Introduction to My Blog

With this blog, I aim to ask and answer provocative or otherwise interesting questions. I hope you find it valuable. Enjoy!

Tuesday, July 21, 2020

Public School Cooking Classes (This isn't a joke)

Like virtually everyone else, the lockdowns in effect around the world have helped me appreciate what in my life is and isn't important. We all think more about household essentials like tissues, soap, and toilet paper. We think about our food supplies, and how we can push our eating habits in a more self-sustainable direction. I read an interesting article in the Economist a few weeks ago about how a resurgence of gardening has occurred in the United States, and many more people are growing their own vegetables again.

I have thought hard about how I can best spend my time in quarantine, and one of the no-brainers to me has been cooking. Cooking is one of the most useful skills I can think of, and it's a skill that I don't think we emphasize as much as we ought to in childhood education. Perhaps this is more of a result of my pampered upper-middle-class upbringing, but I was never required to cook. I either heated up pre-made frozen food or my mom would cook.

I regret the fact that I wasn't taught to cook in the house, and I know that many (perhaps most) people learned some degree of cooking in the household as a child. I want to make an argument for required cooking classes in public education because I think that the skill is so incredibly useful, and has benefits one might not realize at first.

A viral meme I recall says that food can be only two of the following: affordable, tasty, or healthy. I used to tacitly accept this as true, and I made essentially no effort to eat well. I played sports and my metabolism was such that my poor diet didn't noticeably affect me. It was only over the past couple of years, as I've begun to teach myself how to cook, that I have realized that the adage I referred to is untrue.

It's only right in a superficial sense: the principle seems to be true with respect to eating out or buying pre-packaged meals. The principle is false with respect to cooking, though. With relatively no cooking experience, it's still easy to make a meal that satisfies all three aforementioned criteria for far less than even fast food prices.

This is a lesson I didn't learn until I was 18. Let me rephrase that. This is a lesson I didn't learn until long after I wrote an essay with the title "Examining and Applying the Theory of Recollection", which was about Plato's dialogue entitled "Meno" and a philosophical theory of knowledge acquisition. What did I just say? Even I barely know. All I know is that I should have learned some fundamentals of cooking before I delved into Platonic philosophical theory.

Cooking makes it much easier to eat healthier without feeling like you're depriving yourself. It also serves as a great social skill. Friends love you if you can cook something nice for them. Good cooking is also something a date will appreciate. Cooking is a nice departure from whatever else is bothering you. There's hardly anything more satisfying than putting lots of effort into cooking something and then tasting the fruits (or vegetables) of your labor.

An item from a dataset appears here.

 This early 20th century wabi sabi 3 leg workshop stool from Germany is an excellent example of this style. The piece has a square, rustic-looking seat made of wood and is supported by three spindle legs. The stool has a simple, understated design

I think that high school would be a good time for students to learn to cook because they are old enough to be marginally more responsible around hot equipment. This would also be invaluable preparation for students preparing for college, where they will likely otherwise only eat microwaved pizza and other such garbage. I actually think that students would rather enjoy taking some time out of a school day to do some hands-on work, especially if they can eat it.

I have no illusions. This idea presents challenges, including whatever level of absurd legal liability schools would have if students injured themselves cooking. Schools in poor inner cities would struggle to find local grocery marts with decent ingredients. Many students would be irresponsible and/or disrespectful, as they invariably are in other classes. 

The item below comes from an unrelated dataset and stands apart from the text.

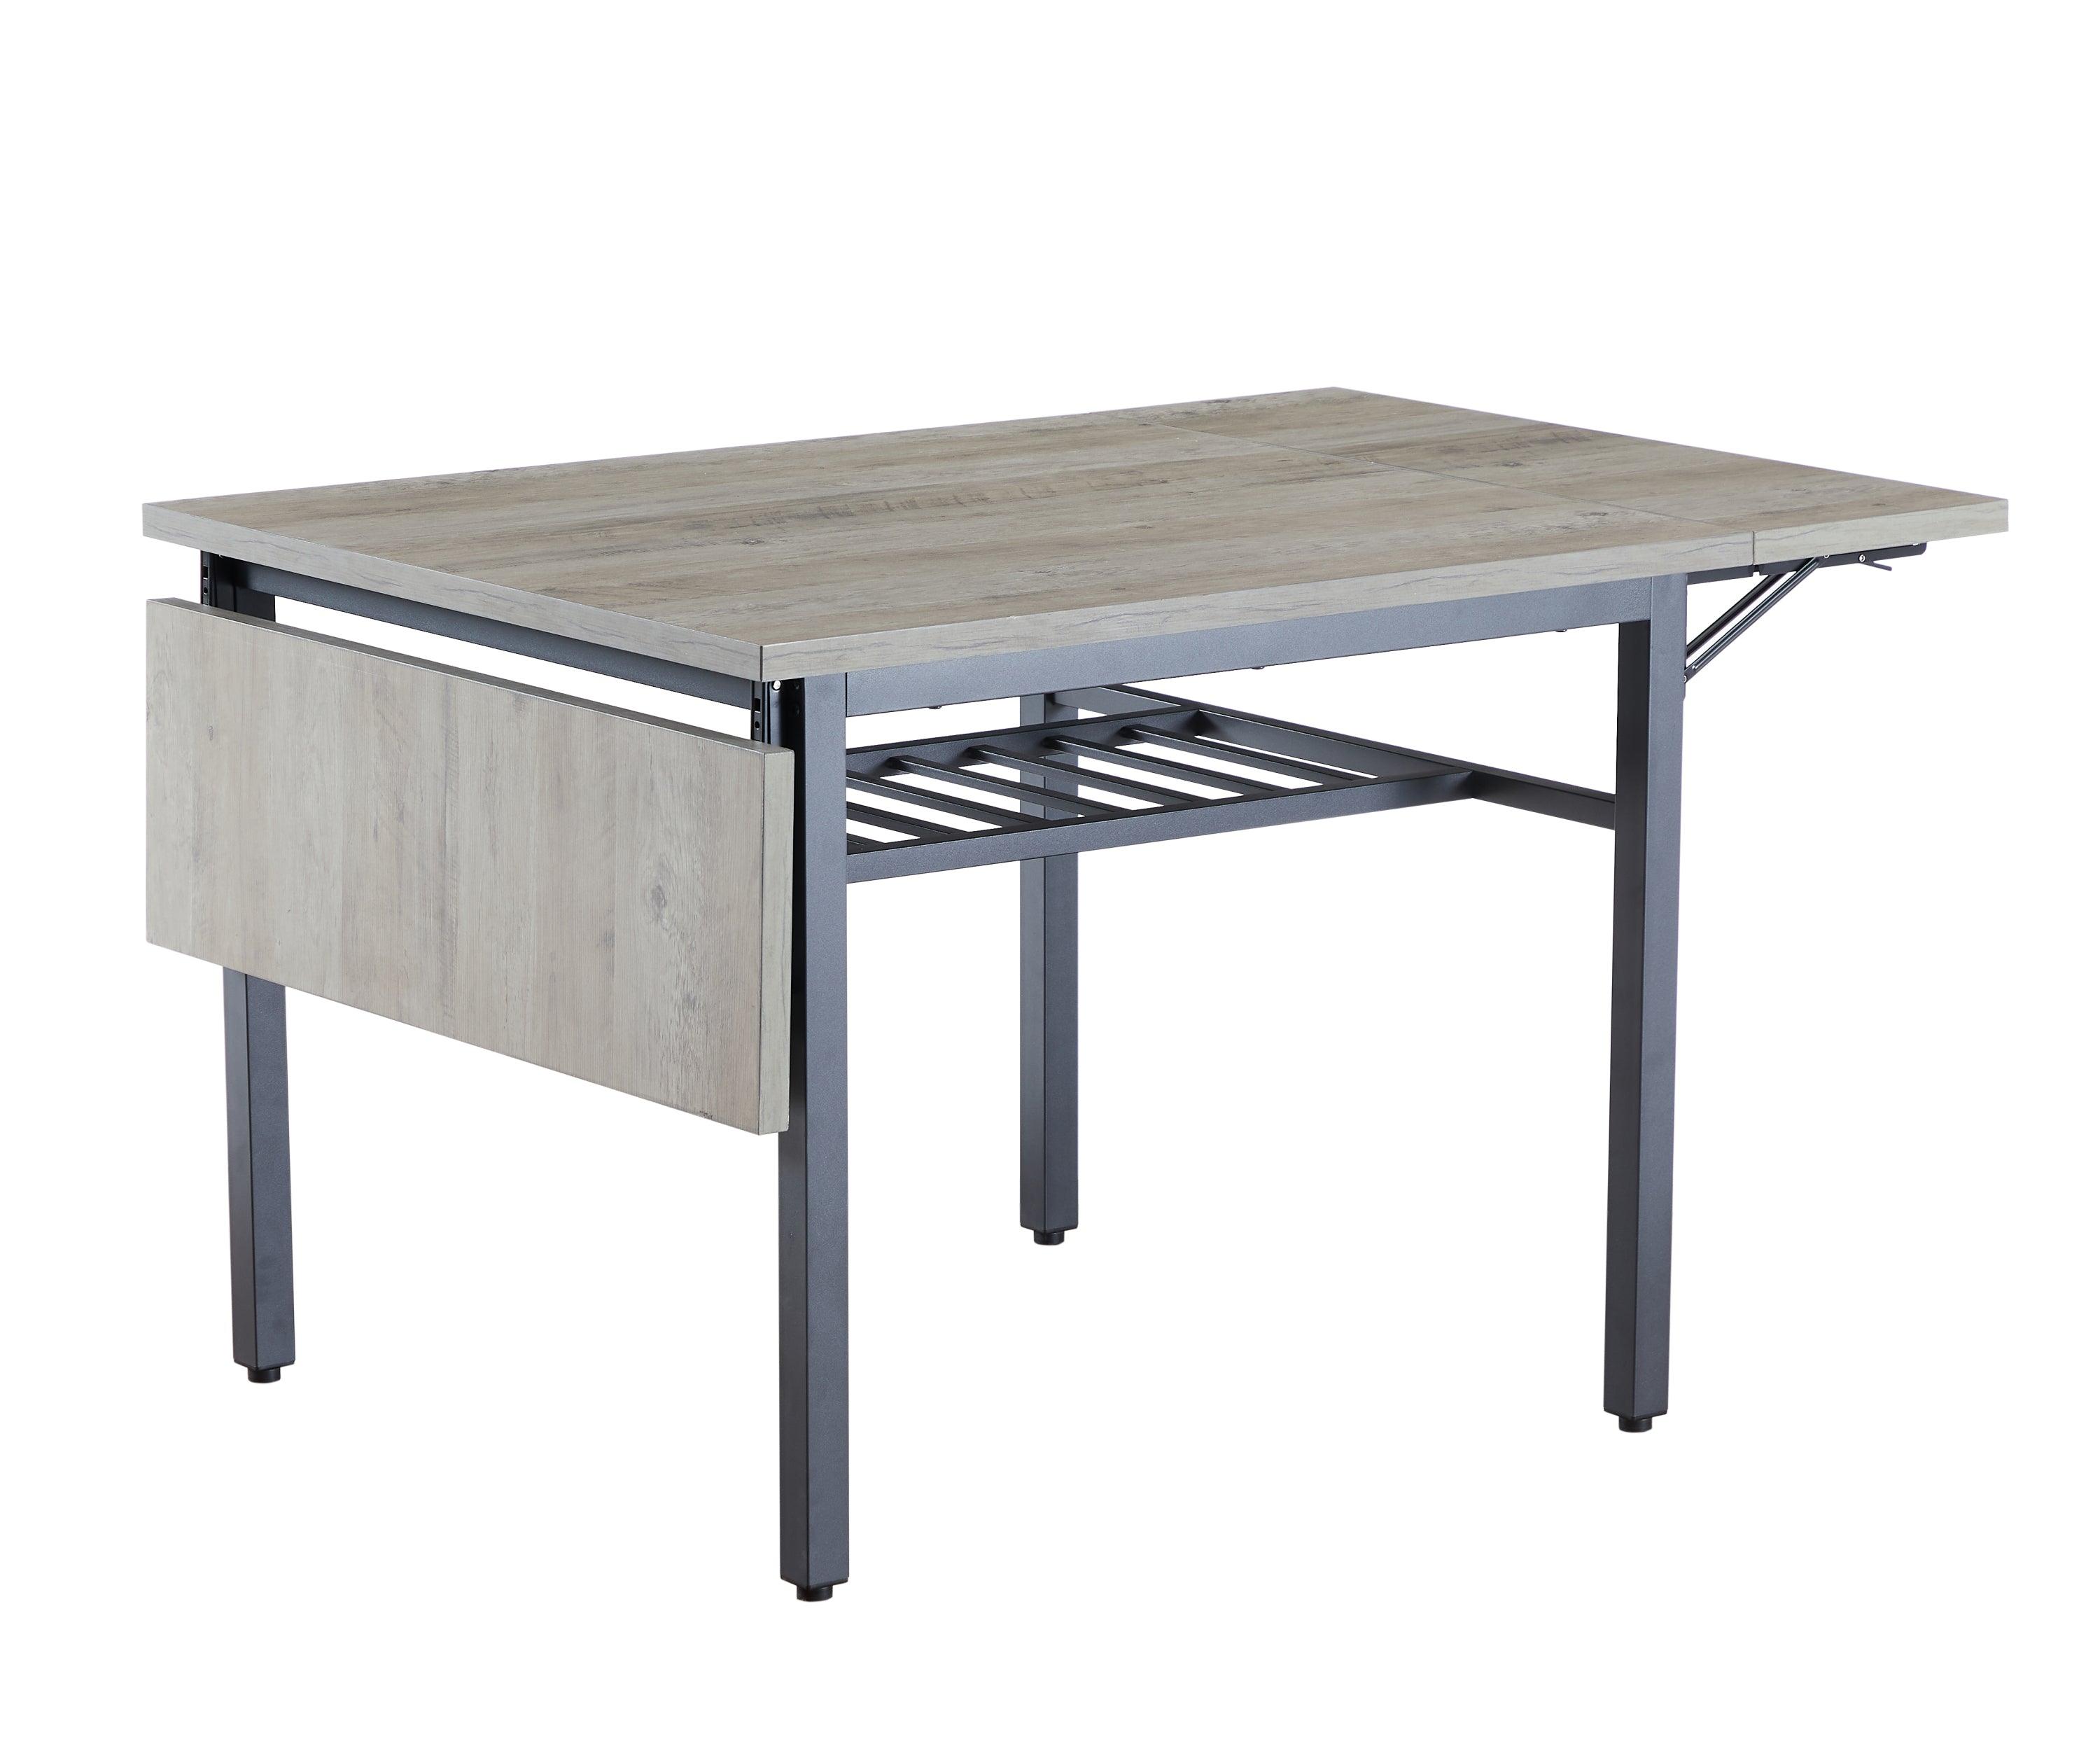 Folding Dining Table, 1.2 Inches Thick Table Top, For Dining Room, Living Room, Grey, 63.2'' L X 35.5'' W X 30.5'' H.

Still, the positives far outweigh the negatives to me. Earlier today, I cooked pizzas with hummus and vegetables for myself and my mother. It went incredibly well and when discussing cooking after, I told my mom that cooking is more useful than virtually anything I learned in my years of schooling. This was obviously somewhat facetious, but I do think that it is sufficiently useful a skill that it should be part of our public education system. It would open new doors for children, encourage healthier, better eating habits, and give them a fun way to be both more self-reliant and more social.

1 comment:

  1. It seems like this would be a really interesting time to have students exchange recipes and cook together remotely (with privacy and cost considerations). How might we learn about one another and different cuisines from a remote cooking course in which students choose recipes they are interested in trying and sharing?